Functional brain imaging has substantially contributed to our understanding of specialised areas and large-scale networks in the human brain. This has also allowed "brain reading" applications relating distributed activity patterns to mental states. We will describe recent real-time brain reading applications that provide new therapeutic applications of fMRI. More specifically, we will describe that fMRI neurofeedback has been successfully used to reduce symptoms in depression and Parkinson's disease, and how a communication brain computer interface allows "locked-in" patients to communicate solely based on evoked spatio-temporal activity patterns.

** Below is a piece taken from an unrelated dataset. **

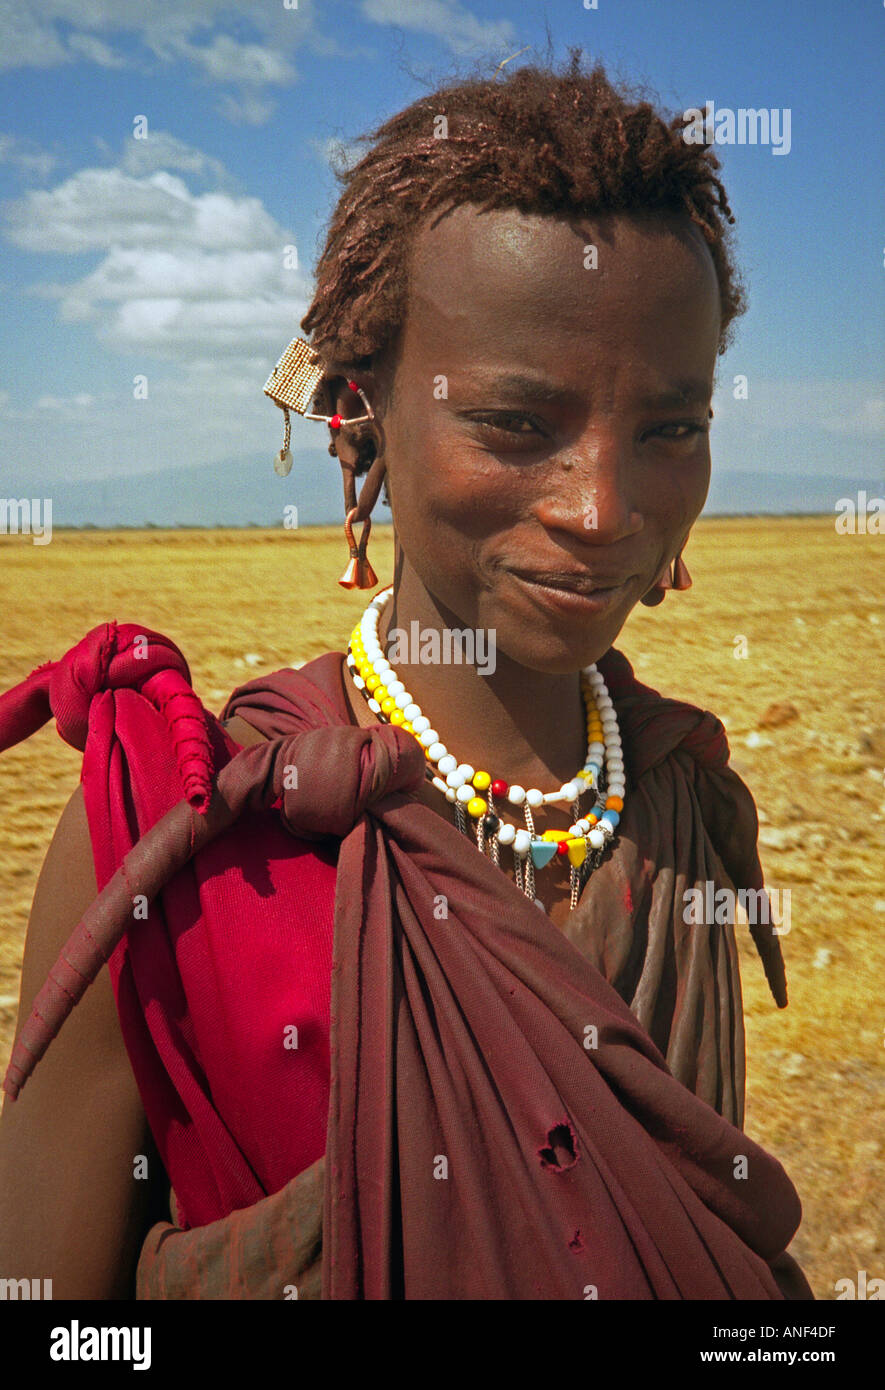 Décorées de perles colorées de l'Adolescent travaux peuple masai Masai Mara National Reserve d'Ewaso Ngiro sud du Kenya Afrique de l'Est Banque D'Images

While successful, fMRI currently targets a level of resolution that does not allow inferring the sub-categorical feature representations used by the brain. In the second part of the talk, we will argue that understanding mesoscopic functional organizations within brain areas is now in reach when using ultra-high magnetic field scanners (7 Tesla and higher). These devices allow sub-millimeter functional resolution opening the possibility to study the human brain at the level of cortical columns and cortical layers. Recent human fMRI studies at 7 Tesla have indeed been able to reveal columnar-level organizations in the visual areas V1 and V5 and ongoing studies currently extend this approach to many specialized mid-level areas in the visual, auditory and multisensory cortex. Combined with advanced neural network modelling, these studies are first important steps that help to clarify how the human mind emerges from feature representations and their interactions in the human brain.